Mindfulness: The Art of Paying Attention, and the God Who is Present
Todd Stryde
1 What is mindfulness and what is it not?
Due to its popularity there are many different ideas about what mindfulness means
First: It is not meditation and it is not contemplation. Meditation is the absorption into experience of an idea or object. Contemplation is a thorough examination of an idea or object.
Mindfulness is the act of paying attention, on purpose, in the present. Example of mindful sitting. Any experience can be mindful.
2 A brief history of mindfulness in western culture: It has gone from a religious practice (eastern) to stress reliever to therapeutic exercise. Buddhism uses it to allow thoughts to pass through the mind on the path to detachment. MBSR became popular in treatment of chronic pain, and now is used in therapeutic settings to develop emotion regulation, and to help people be mindful of the counseling experience (awareness of change). Awareness almost always precedes change, so mindfulness is used to increase awareness.

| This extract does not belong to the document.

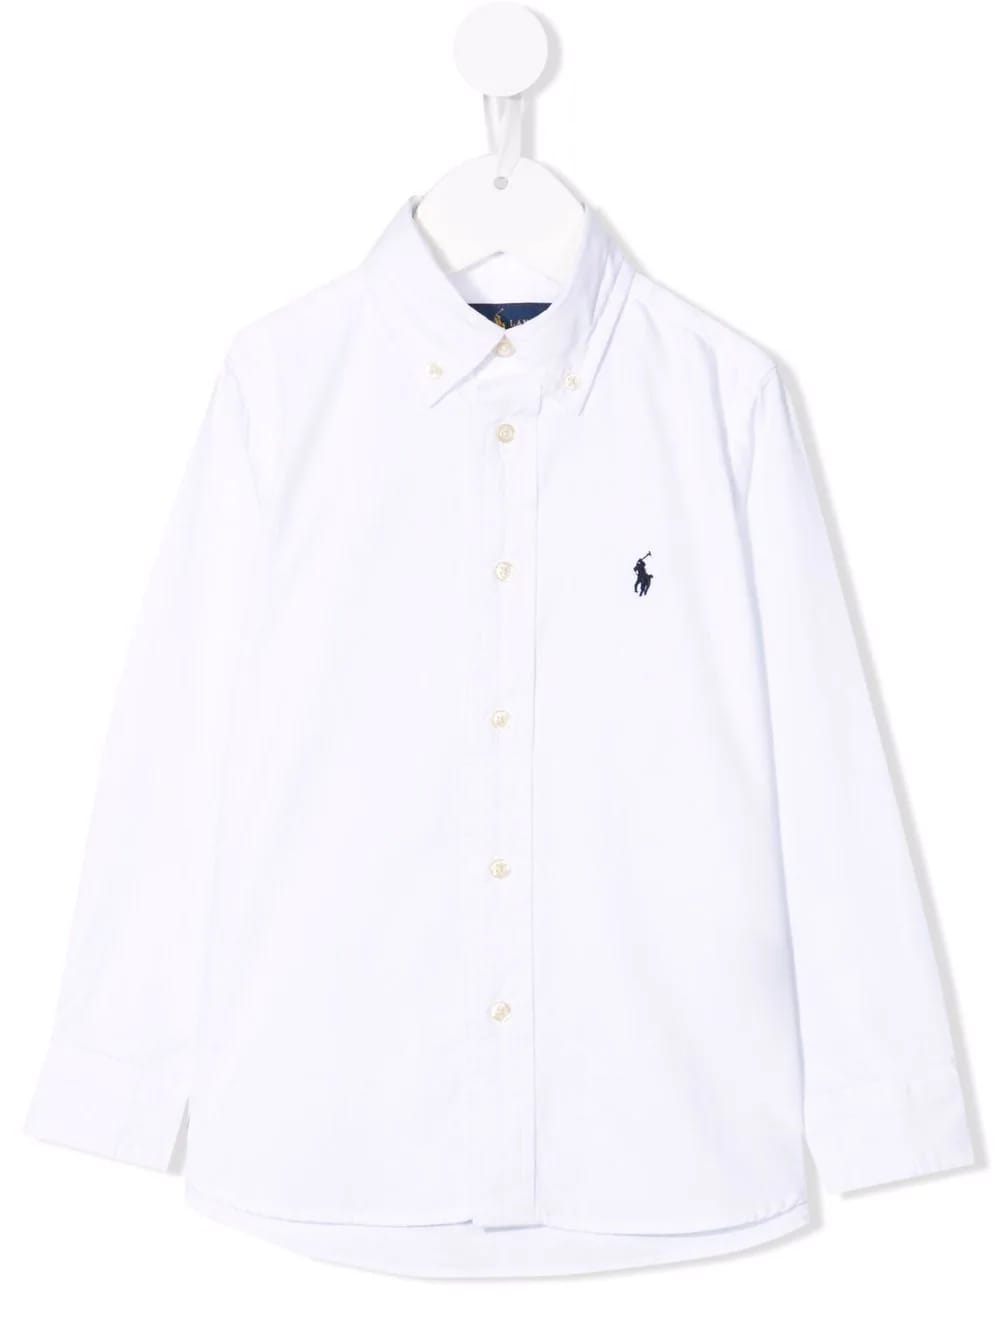 Ralph Lauren Child Oxford Shirt In White Slim-fit Cotton

3 Deconstructing Mindfulness – 2 parts, packaging and ability. Mindfulness is a meta-cognitive awareness – being able to be aware of ourselves and observe ourselves. The ability to attend to ourselves and observe ourselves is very helpful. Mindfulness consists of packaging – the use of our awareness is contextual. What it does is entirely dependent on the person using it – attended by assumptions (meaning of life, etc) and purpose (what is the intended outcome). In Buddhism it is purposed to develop detachment. In therapy it is intended to be godless and self-referential.
4. Looking at Scripture 1 Cor. 8 – can Christians eat meat sacrificed to idols? The Corinthians were asking how to live faithfully in a pagan culture. Most meat in the city would have been sacrificed to idols before being served as food. Idol meat is deconstructed into meat and pagan worldview. Paul says the problem is not the meat itself. The meat itself does not in itself pose a problem for the Christian. The problem is the packaging. How do we understand the meat and how is it used? Paul says meat sacrificed to idols can be understood properly and used properly. It must have a Christian starting point and a Christian ending point. The Christian starting point is that there is only one true God. Idols have no real existence. What I believe about something matters!
1 Cor. 9 – purposes matter too. If I am desiring to practice this for the love of God and the building up of the church? If not, then we abstain. We are free to practice it with the right purpose – but we must always be *mindful* of our choices on others. We must not hinder the gospel! “Though I am free from all, I have made myself a servant to all.” Endpoints matter.
1 Cor. 10 – repackaging summary – eat whatever is served without questions – and give no offense either to Greek or Jew! It is not a yes or no answer. The communal context matters – both the belief and the purpose.
5 Can Christians practice mindfulness? Maybe! Yes, if you recognize that mindfulness carries with it worldview baggage.
Yes, if your starting point is a Christian one – believing that this is God’s world, and He is both present and available. We do not put ourselves into a godless self-referential state. Mindfulness must be mindful of God. It should lead to worship, prayer, thankfulness.
Psalm 89:15-16 “Blessed are those who have learned to acclaim you, who walk in the light of your presence, O Lord. They rejoice in your name all day long; they exult in your righteousness”
Matt 6:26 – we notice what God is doing around us, and have confidence therefore in what He is doing in us.
Yes, if you align yourself to the Christ-like goals of loving God and loving neighbor. The goal of mindfulness is not to become detached, or achieve serenity. We can use it to be mindful of God and His good work.
Brother Lawrence quote: “One way to re-collect the mind easily in the time of prayer, and preserve it more in tranquility, is not to let it wander too far in other times; you should keep it strictly in the presence of God; and being accustomed to think of Him often, you will find it easy to keep your mind calm in the time of prayer, or at least to bring it back from its wandering.”